Satraplatin

Medical Use

Satraplatin is an orally bioavailable platinum chemotherapeutic agent under development for several cancer types, including hormone-refractory prostate cancer (HRPC). Satraplatin is being developed for the treatment of men with chemorefractory HRPC for several reasons. It's relative ease of administration, potential lack of cross-resistance with other platinum agents, clinical benefits seen in early studies of HRPC, and an unmet need in this patient population after Docetaxel failure. Satraplatin may provide a palliative benefit for patients in terms of progression-free survival according to the most recent analyses of the phase III SPARC trial, and is currently under Food and Drug Administration review for this indication. Whether satraplatin and prednisone offer an advantage over docetaxel retreatment or other cytotoxic agents in this setting is under investigation.

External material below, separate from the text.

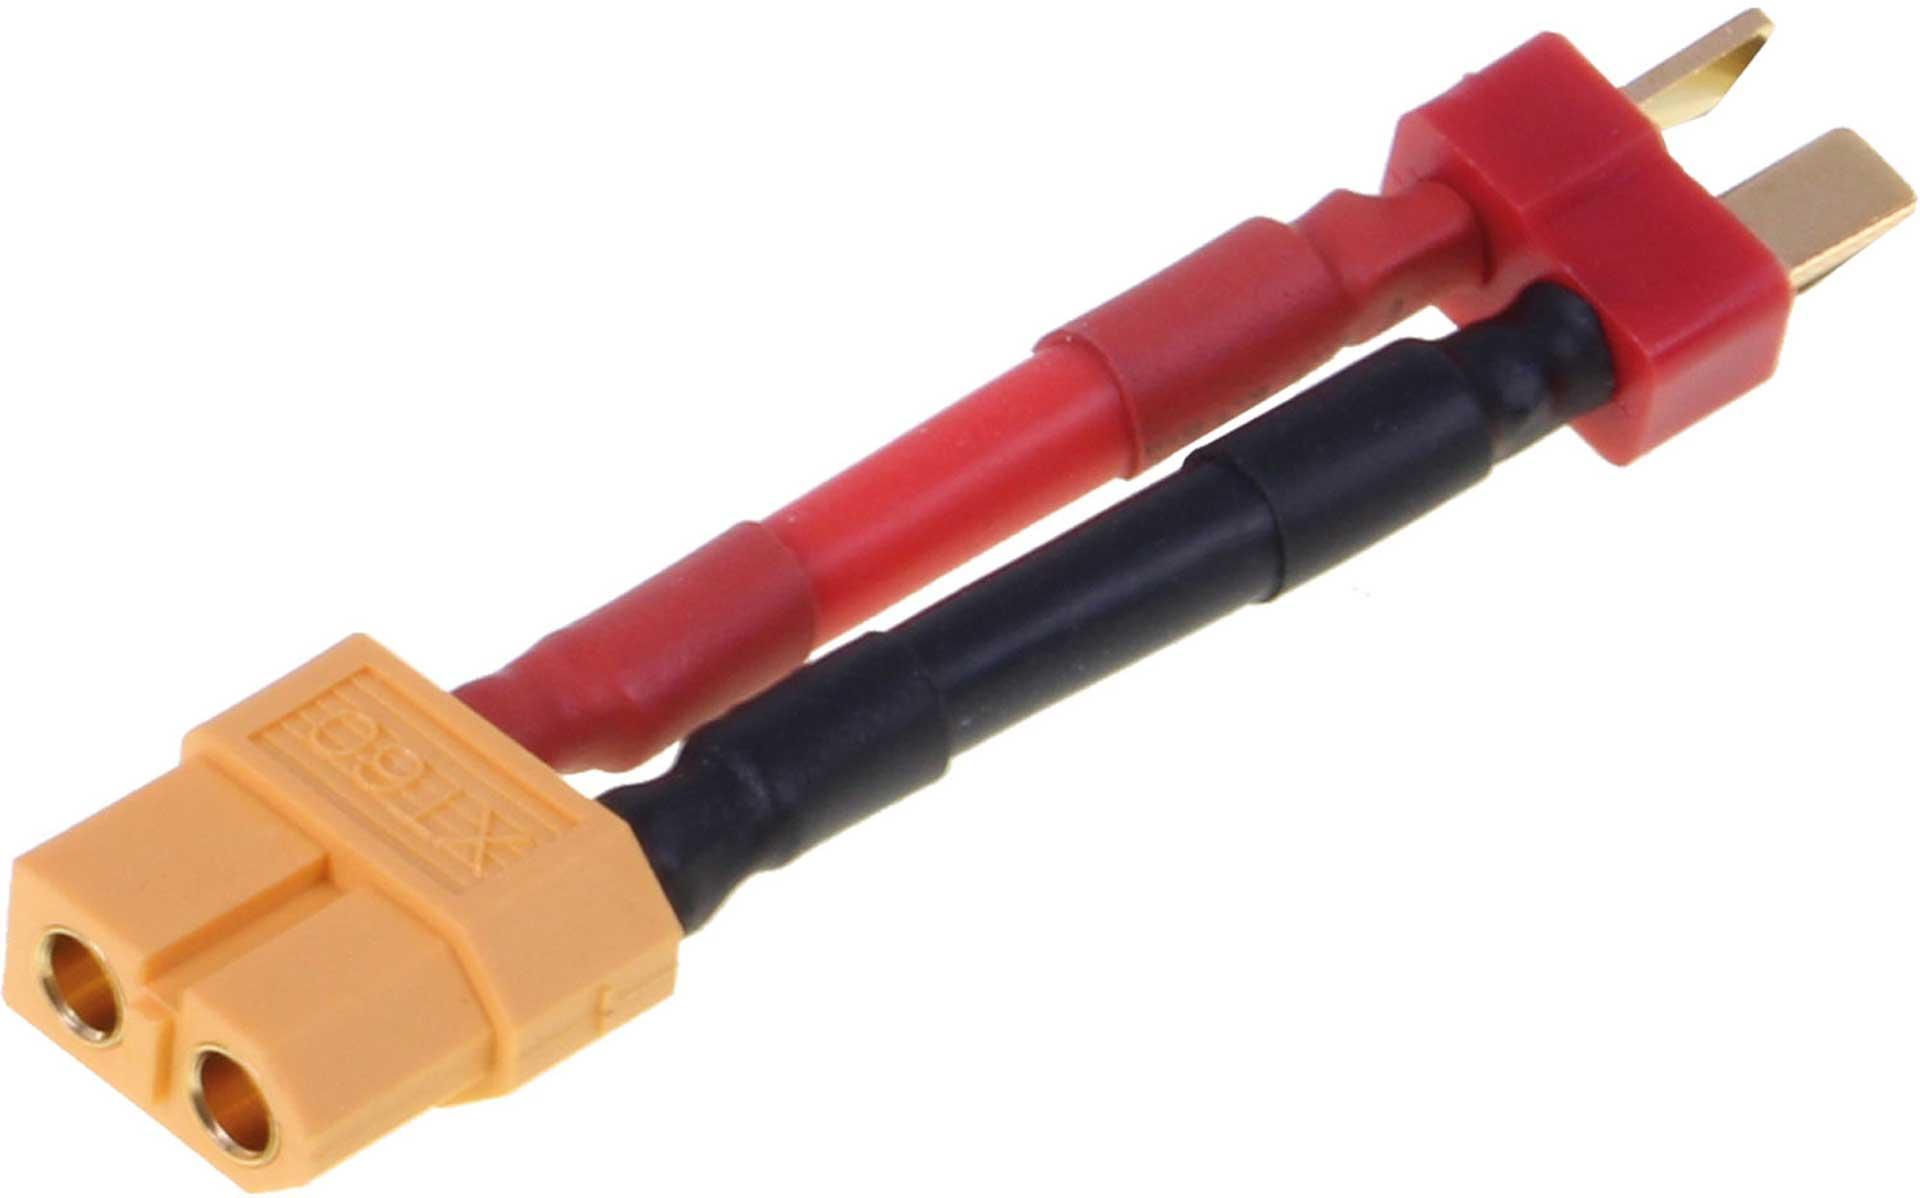 ROBBE ADAPTERKABEL T STECKER AUF XT-60 BUCHSE 12AWG/3,3MM¶ý 30MM 1STK.

Satraplatin has a favorable toxicity profile, and appears to have clinical activity against a variety of malignancies such as Breast Cancer, Prostate cancer and Lung cancer. The oral route of administration and the intermittent schedule makes it very convenient for clinical use. Despite this, a FDA-approved indication has not yet been achieved. The only Phase III trial with satraplatin was conducted in pre-treated metastatic prostate cancer(CRPC), revealing an improvement in progression-free survival but no overall survival benefit.

Side Effects

Anemia, diarrhea, constipation, nausea or vomiting, increase risk of infection, bruising.

Possible Risks and Complications

History

Platinum-based chemotherapy was an accidental discovery in the laboratory by Barnett Rosenberg. Rosenberg noticed inhibited cell division of Escherichia coli cells during electrolysis of a platinum-based electrode. The compound discovered was later named Cisplatin and clinically used by 1970. After years of use, cisplatin became an invaluable component of therapy for some common cancer tumors such as lung, head, neck, and bladder cancers. Kidney damage, neurotoxicity, ototoxicity, development of resistance were some of the more serious side effects that prompted the development of novel platinum analogues.

In 1982 Carboplatin was found to be a popular platinum-based compound very similar to cisplatin. After many trials and analyses with successful results equivalent to those of cisplatin but with a more tolerable toxicity profile making the drug more desirable for therapy. The more serious side effects that were associated with carboplatin were bone marrow suppression and principally thrombocytopenia. Carboplatin was approved by the FDA in 1989 to be used to treat advanced Ovarian cancer.

Research found that Oxaliplatin was demonstrating successful activity in patients with advanced colon cancer. Studies done in 2000 to 2004 supported the utility of oxaliplatin in combination with chemotherapy. The use of oxaliplatin in combination with Fluorouracil and Folinic acid was approved by the FDA for the treatment of only stage IV Colorectal cancer then later approved for stage III colon cancer patients who had previously received complete resection of the primary tumor. Many human tumors including testicular, bladder, lung, head, neck, and cervical cancers have been treated with platinum compounds. All of the marketed platinum analogues must be administered via intravenous infusion is one of the main disadvantages for these platinum compounds due to severe, dose limiting effects. An acquired resistance to cisplatin/carboplatin in ovarian cancer was discovered due to insufficient amounts of platinum reaching the target DNA or failure to achieve cell death. These drawbacks led to the development of the next generation of platinum analogues such as satraplatin

Mechanism of Action

Satraplatin is a prodrug, meaning it’s metabolized in the body and transforming into its working form. The two polar acetate groups on satraplatin increase the drugs bioavailability, which in turn allows for a large fraction of the administered dose to make it into the bloodstream where metabolism begins. Once the molecule makes it to the bloodstream the drug loses its acetate groups. At this point the drug is structurally similar to cisplatin with the exception of one cyclohexylamine group in place of an amine group. Since the drug is now structurally similar to cisplatin it’s mechanism of action is also very similar. The chlorine atoms are displaced and the platinum atom in the drug binds to guanine residues in DNA. This unfortunately happens to not only cancer cells but other regular functioning cells as well causing some of the harsh side effects. By binding to guanine residues satraplatin inhibits DNA replication and transcription which leads to subsequent apoptosis. Where satraplatin differs is its cyclohexamine group. In cisplatin the two amine groups are symmetrical while satraplatin's cyclohexamine makes it asymmetrical which contributes to some of the drug's special properties.

A large problem with cisplatin and other platinum based anti-cancer drugs is that the body can develop resistance to them. A major way that this happens is through a mammalian nucleotide excision repair pathway which repairs damaged DNA. However, some studies show that satraplatin compared to other platinum anti-cancer drugs can be elusive and are not recognized by the DNA repair proteins due to the different adducts on the molecule (cyclohexamine). Since satraplatin is not recognized by the DNA repair proteins the DNA remains damaged, the DNA cannot be replicated, the cell dies, and the problem of resistance is solved.